睡眠障害に隠された病気 睡眠時無呼吸症候群、むずむず脚症候群、うつ病…眠れないイコール不眠症とは限らない
Dr.三島の「眠ってトクする最新科学」
こんにちは。精神科医で睡眠専門医の三島和夫です。睡眠と健康に関する皆さんからのご質問に科学的見地からビシバシお答えします。 【図表】うつ病にならないためにやめておきたい七つのこと 「寝つきが悪い」「夜中に目覚める」「朝早く目が覚めてしまう」……このような不眠症状があるとついつい「不眠症になってしまった」と考えがちですが、実は他の病気が原因で眠れなくなっていることもしばしばあります。今回は不眠の原因についてご紹介します。ポイントは「不眠症状があること」イコール「不眠症」ではない、です。
成人の30~40%に不眠
寝つきが悪い(入眠困難)、夜中に目覚める(中途覚醒)、朝早く目が覚めて二度寝ができない(早朝覚醒)などの不眠症状(以下、不眠)は成人の30~40%にみられます。 ただし、不眠があっても日中に眠気や倦怠(けんたい)感、集中力の低下、うつ、イライラなどの不調がなければ、あわてずに様子を見ていても大丈夫です。例えば、リタイア世代になって夜中に一、二度目が覚めてトイレに行っても、日中に元気に過ごすことができているケースなどです。 ところが、不眠に加えて日中に心身の不調が起こるようになると要注意です。いったん不眠による不調が生じると長期化することが多いためです。

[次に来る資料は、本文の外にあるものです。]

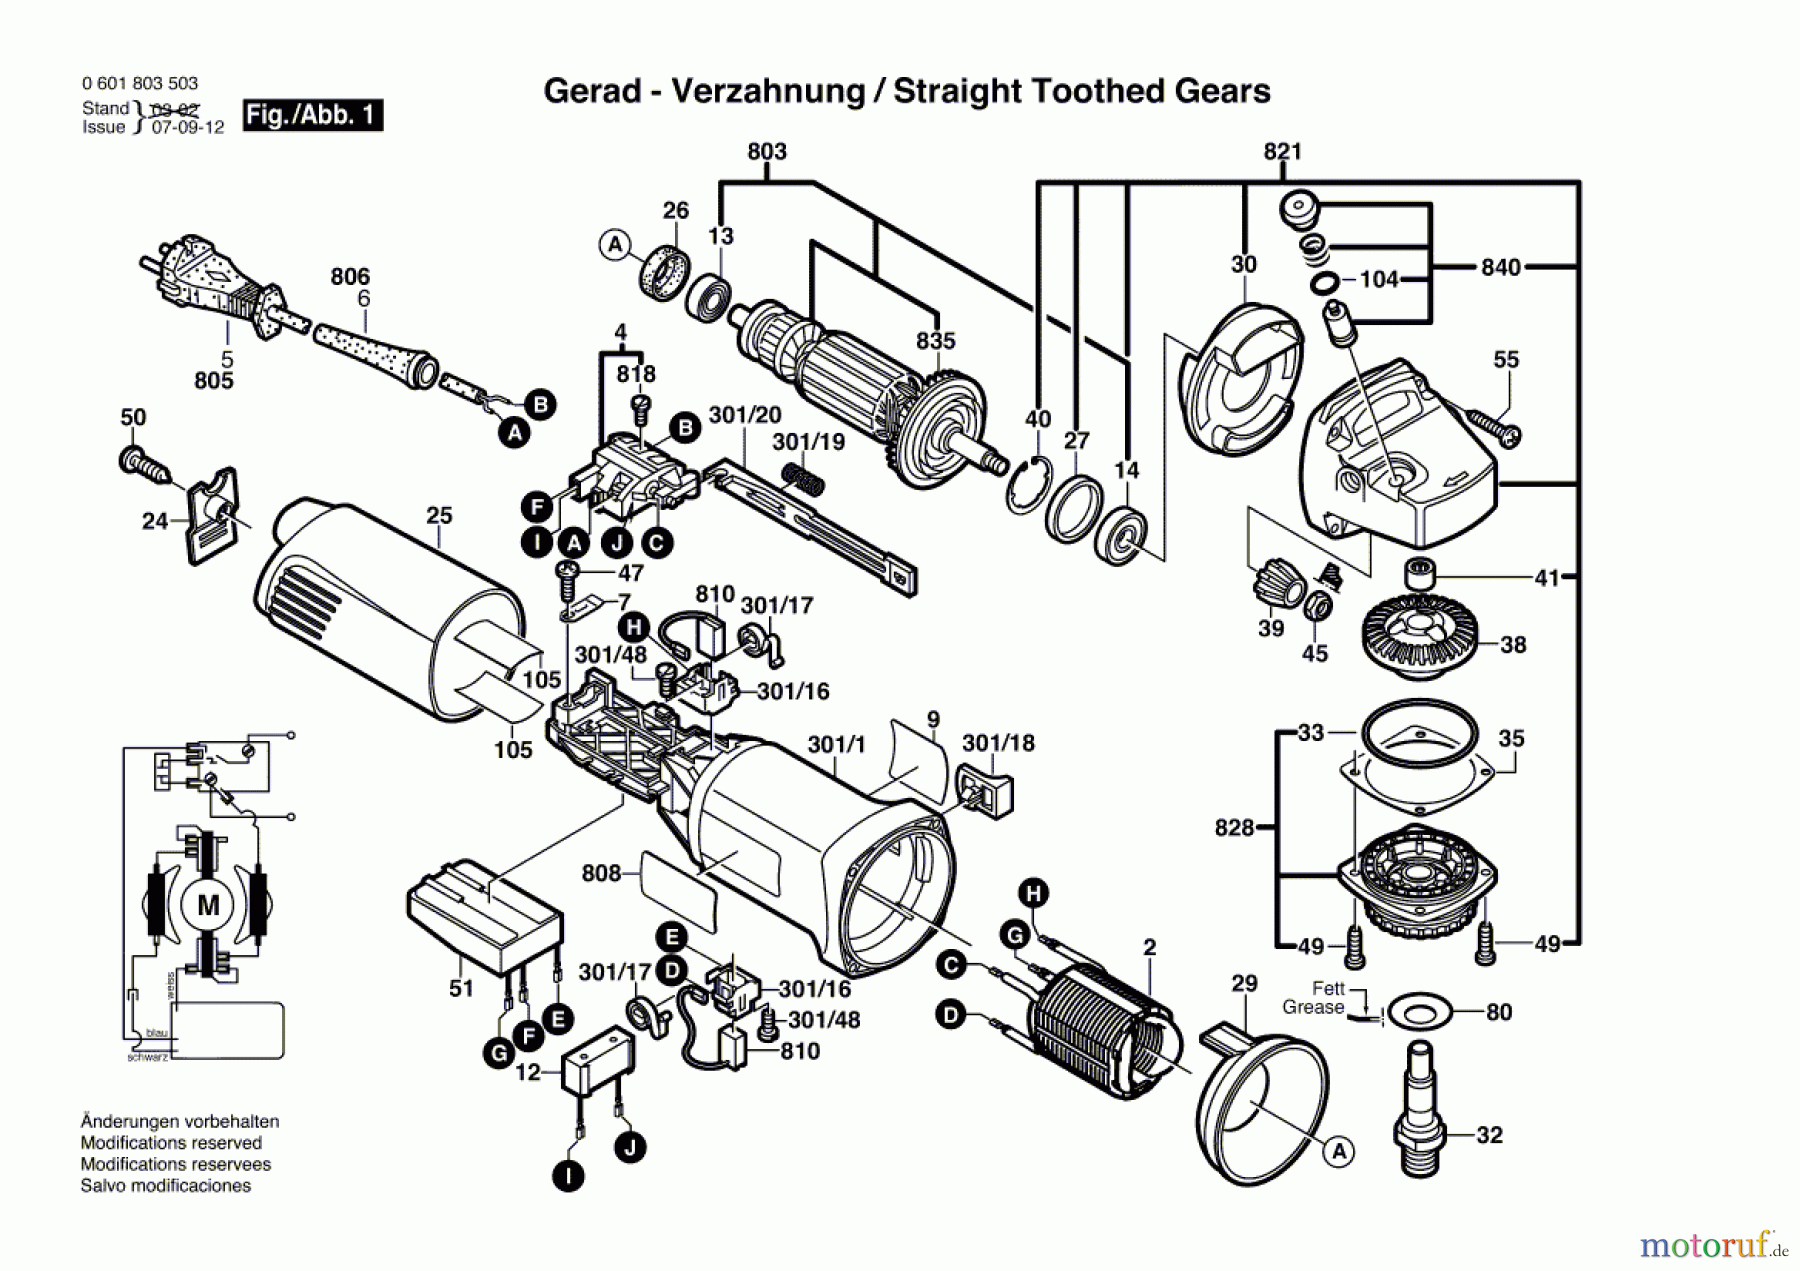  Bosch Werkzeug Winkelschleifer GWS 10-125 CE Seite 1

このような不眠と日中の不調の両方を抱えている人は成人の10~15%います。 不眠で悩み始めると「不眠症」という病名が頭に浮かぶ方が多いと思いますが、「不眠があること」イコール「不眠症」ではないことに注意する必要があります。不眠は「発熱」や「痛み」と同じように「症状」であって「病名」ではないのです。肺炎でも熱中症でも発熱するように、不眠もさまざまな心身の病気や睡眠障害で出てきます。 実際、睡眠障害は不眠症も含めて約70種類ありますが、そのほとんどで不眠が出現します。不眠の原因となるその他の病気を除外診断した上で不眠症の診断は付けられます。そうすると、不眠の原因の過半数は実は不眠症ではないのです。